Why does my boyfriend overly challenge me and is it normal to get hurt by this and not feel good enough? He claims to love me more than anyone ever?

Anonymous
Dating 6 mos. he’s 34 I’m 33. He just started doing this where he’s talking about never being complacent with each other, how he never wants to be. how he “always wants to be 1% better every day for me because I’m worth it” etc. I tried telling him that being complacent a little comfortability and u trust them emotionally etc. and you can relax not have to try so hard but yes I should never let yourself go and stop trying. He doesn’t like that I’m tired more than him he wants me to for example not make excuses and go for that jog at 7 AM when I have to work 12 hours etc and he’s just so extreme like a self help book and I told him it’s ok to be more laid back and enjoy life. And he said he doesn’t like people being lazy and making excuses for everything and those are the girls he’s dated in the past. We fought about having kids, we both want kids. he knows I don’t make very much where he makes around 100 K a year and every question he would ask and then answer that I don’t know what I’m talking about or I have no clue because I can’t afford this or that and what am I going to contribute and I said I will still pay half of the mortgage, I will still pay my half just because I don’t make as much as you and he’s like are u even saving what are you gonna do for this kid you have no clue etc. i live on my own and pay my own bills now I’m independent. it just seems like he’s over challenging me lately. it makes me feel bad like I’m not good enough for him.

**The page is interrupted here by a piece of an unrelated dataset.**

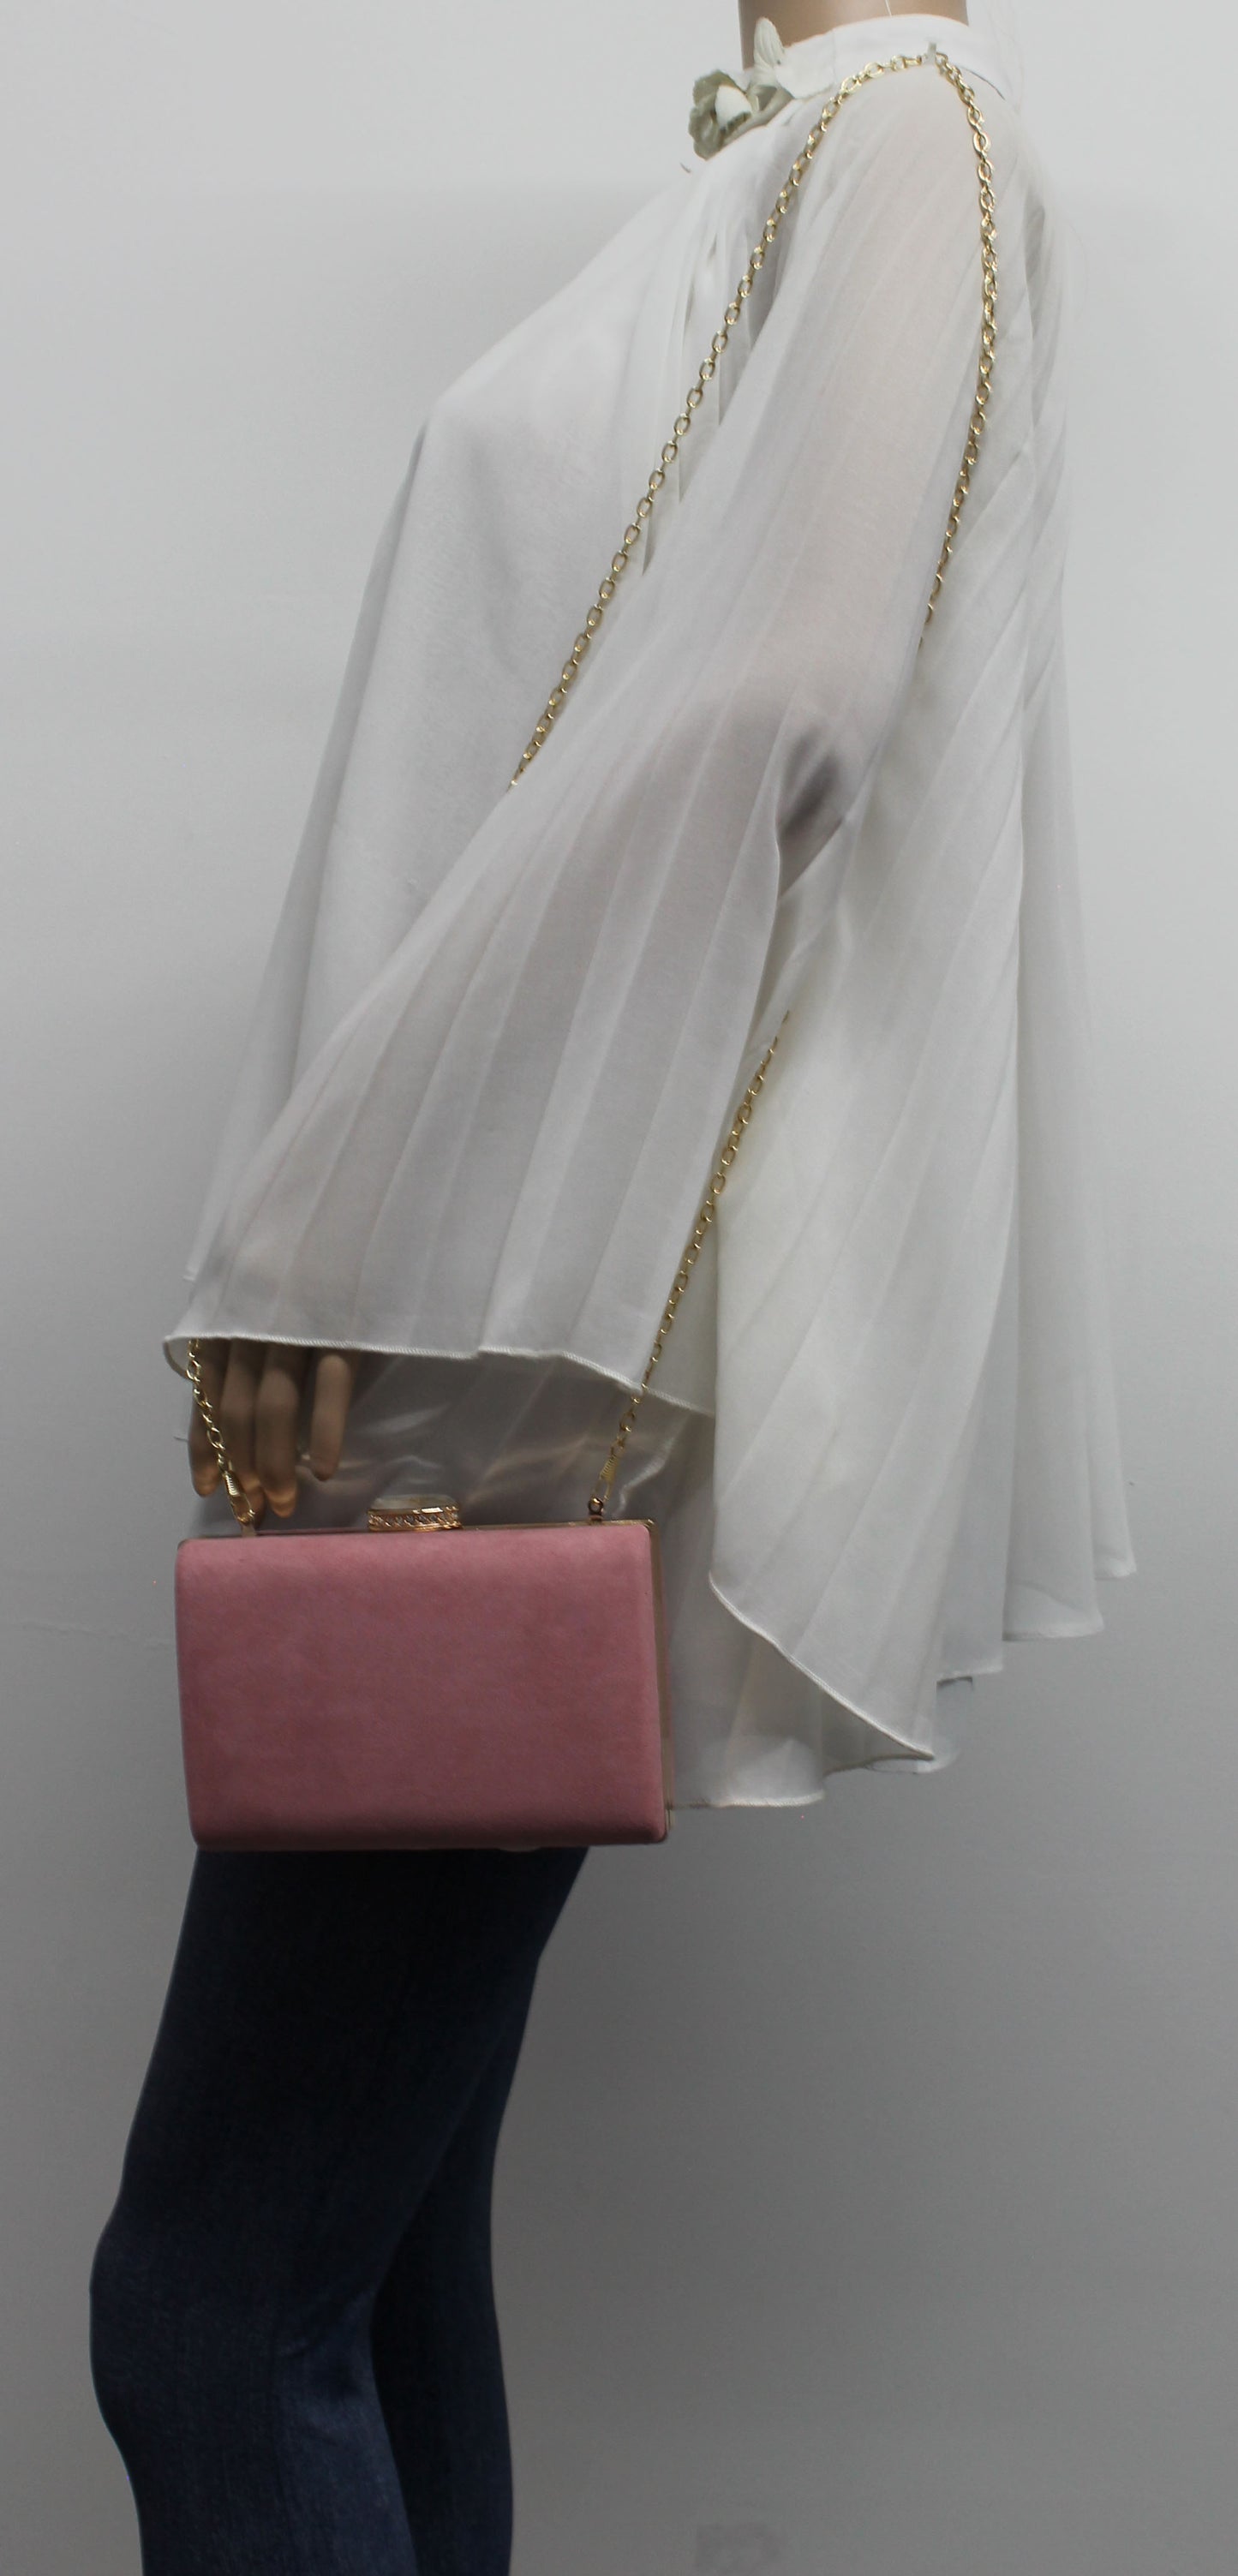 SWANKYSWANS Surrey Suede Clutch Bag Blush Cute Cheap Clutch Bag For Weddings School and Work

I told him I cannot contribute to the cabin it’s so expensive and he’s afraid of losing it someday, basically was saying it’s either keeping the family cabin or a kid because he can’t afford both. I said I’m being selfless here, the cabin is your life I’m not gonna have a kid with u then because you’re gonna end up resenting me. And he’s just making me feel bad lately. Like I’m not good enough. The one day it was our day off I wanted to sleep in and he was mad that “I was tired I was making an excuse it was a mindset”
Updates
1 y
I should add our sex life is great. Almost every day. I initiate it too. We are affectionate towards each other. He gives me the love and attention I deserve. And I love Him dearly but this is just getting to be a little much. Plus he downplays my feelings when I’m having a bad day and he’s always optimistic and jokes when I’m in a sad/bad mood.
Why does my boyfriend overly challenge me and is it normal to get hurt by this and not feel good enough? He claims to love me more than anyone ever?